Work item:
In the listing below, the lines starting at the line with "ConsequencesOfDebasingAuliyaAllah_Page_15" and ending at the line with "Nike College (UCLA) Hat" are to be output verbatim. Images stay out of the copy.

Available data:
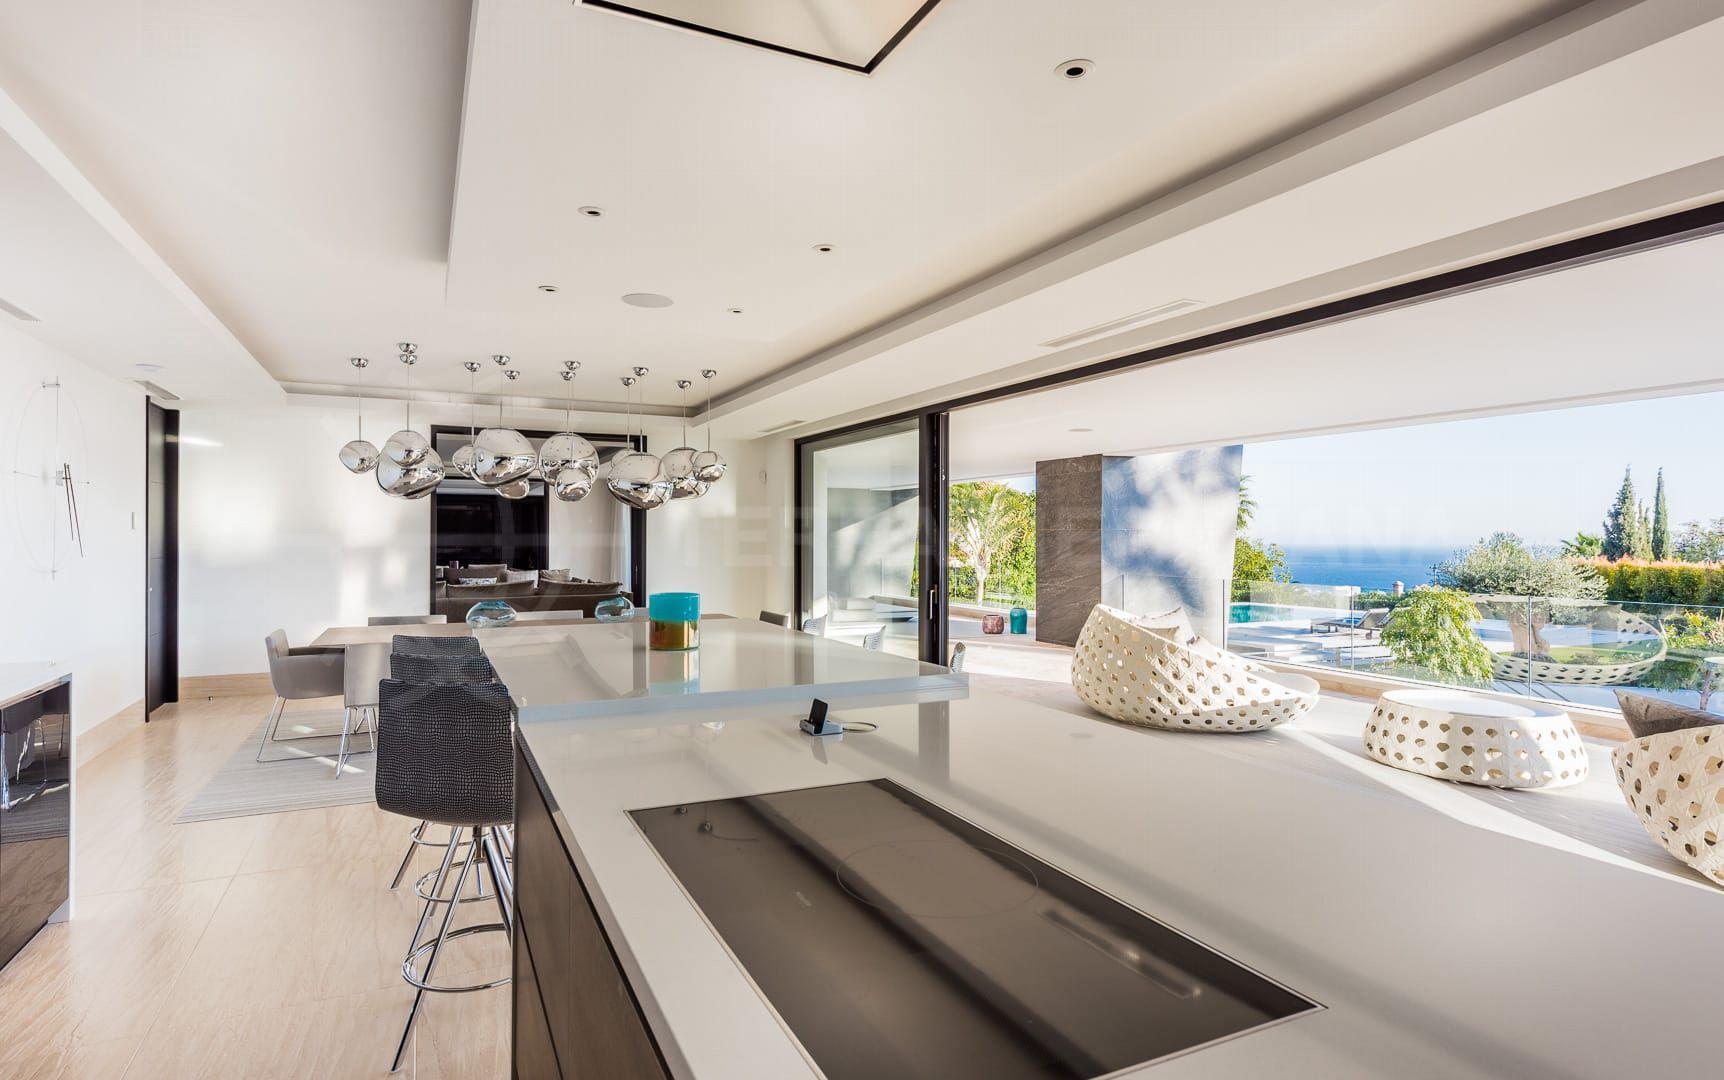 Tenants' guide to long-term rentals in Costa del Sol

==

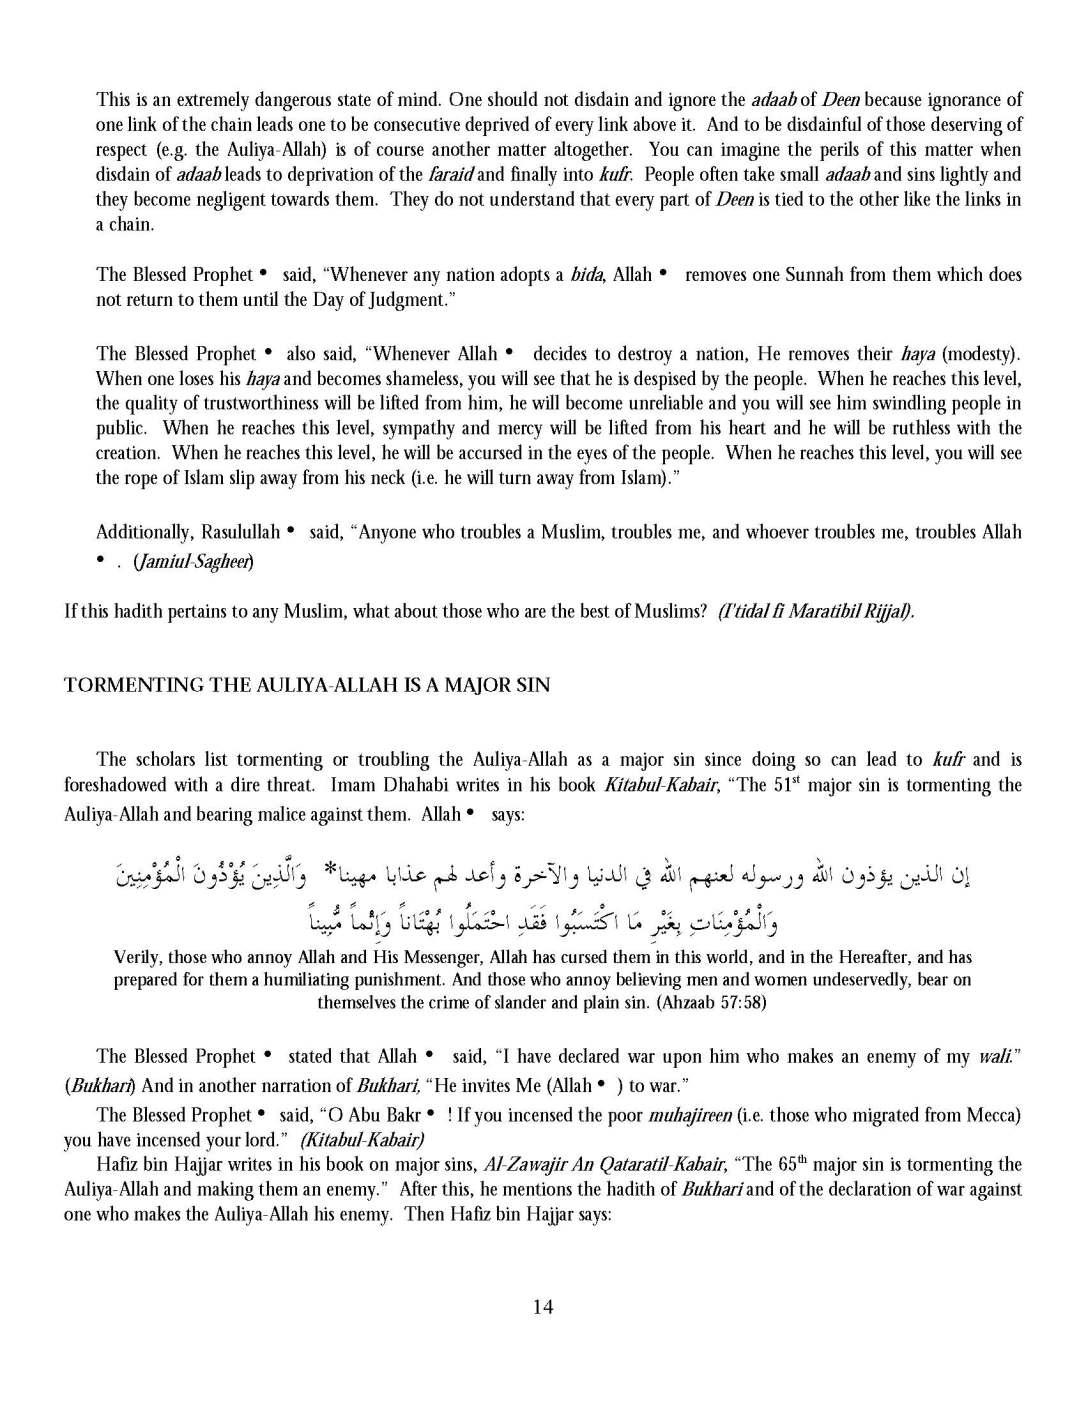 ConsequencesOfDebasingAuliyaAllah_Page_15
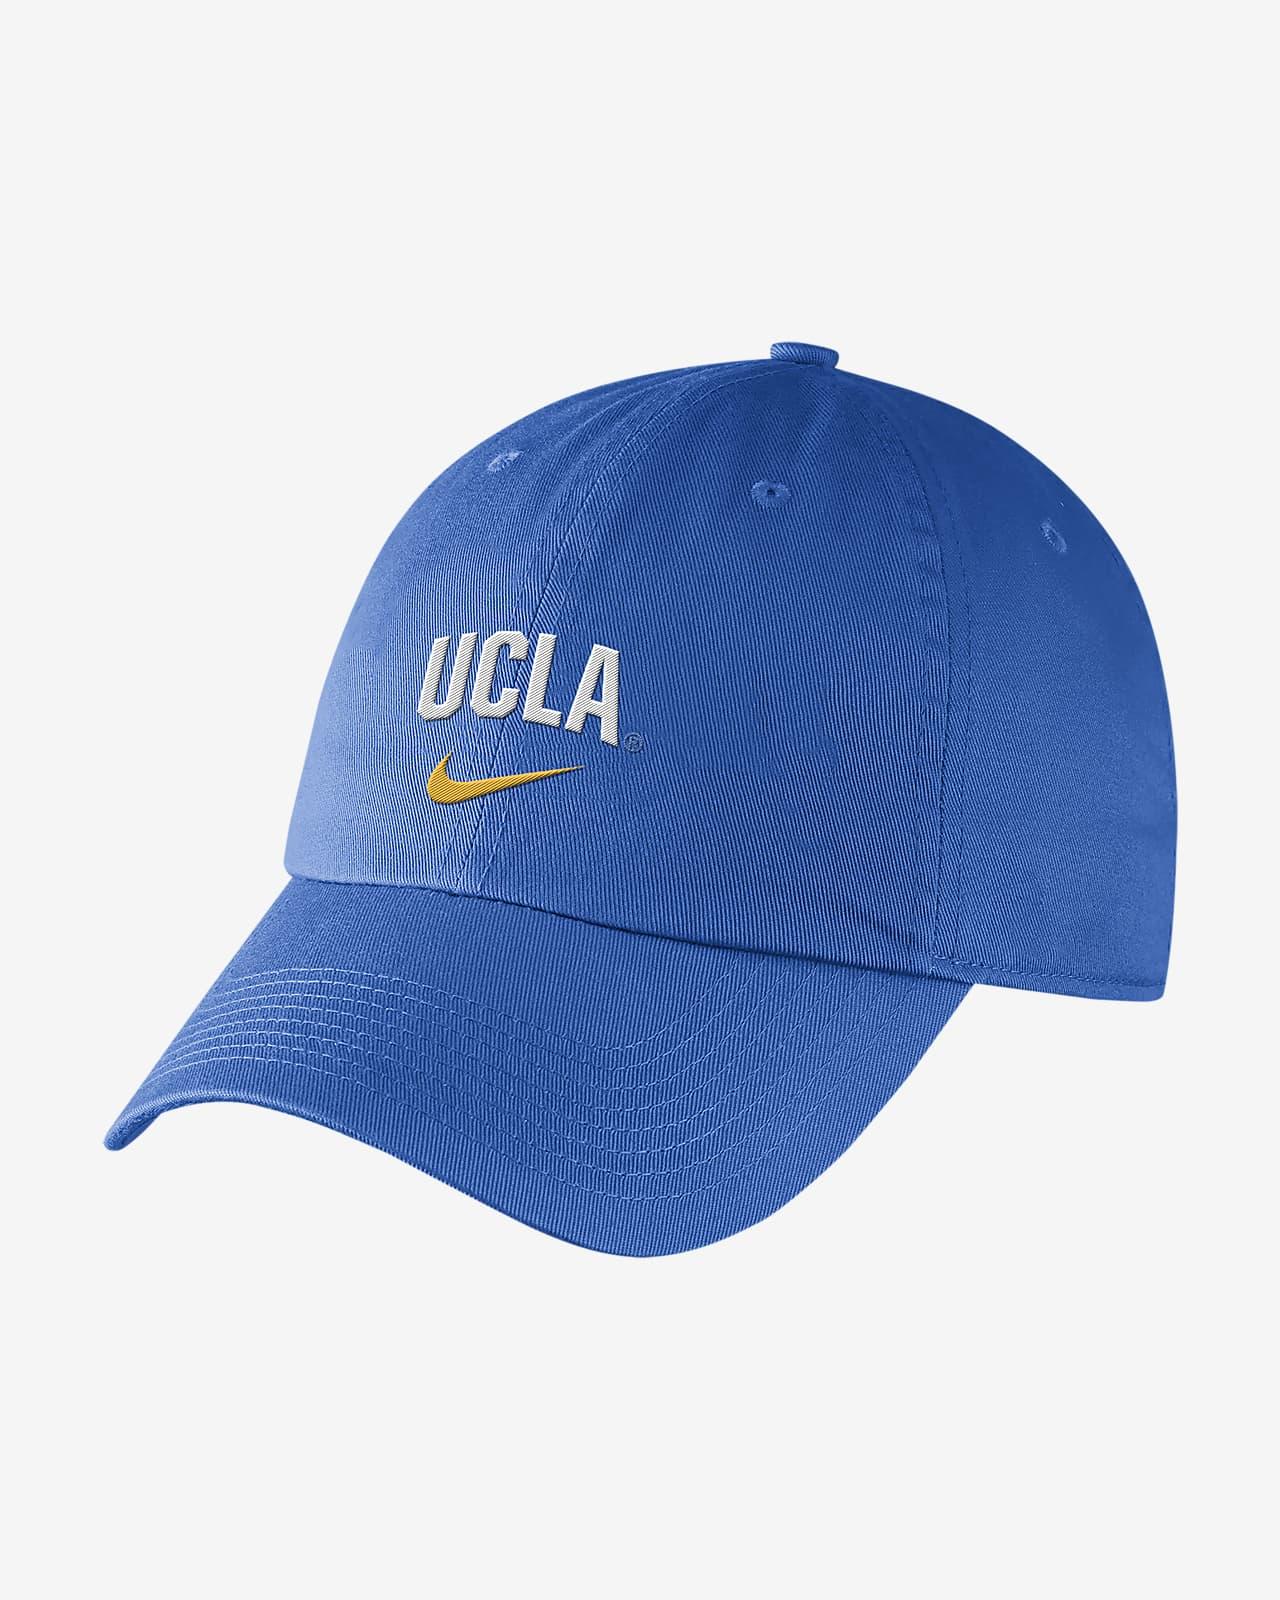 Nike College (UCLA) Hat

--

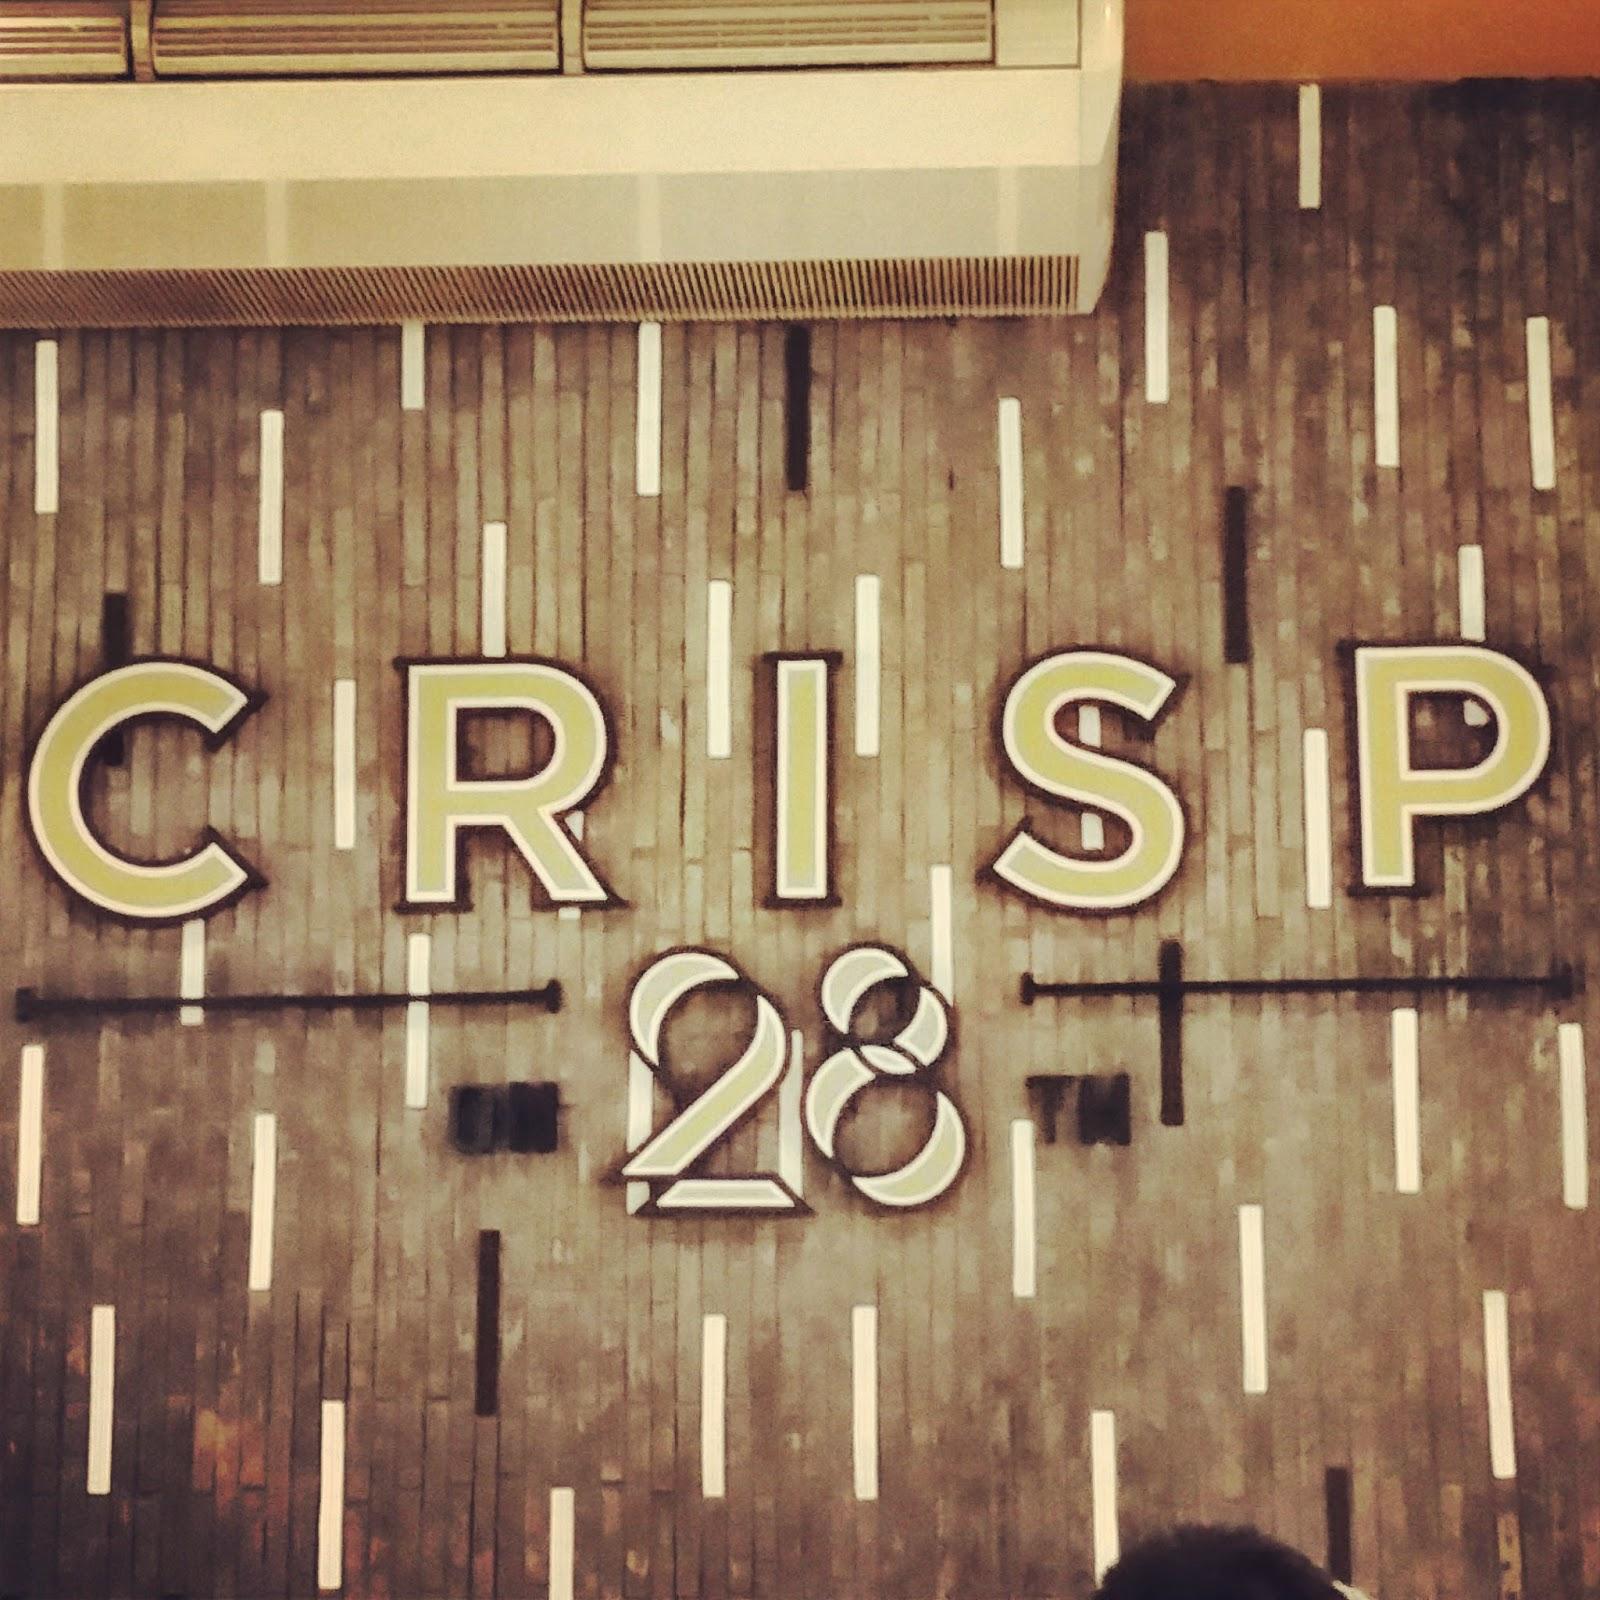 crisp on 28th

Output of the task:
 ConsequencesOfDebasingAuliyaAllah_Page_15
 Nike College (UCLA) Hat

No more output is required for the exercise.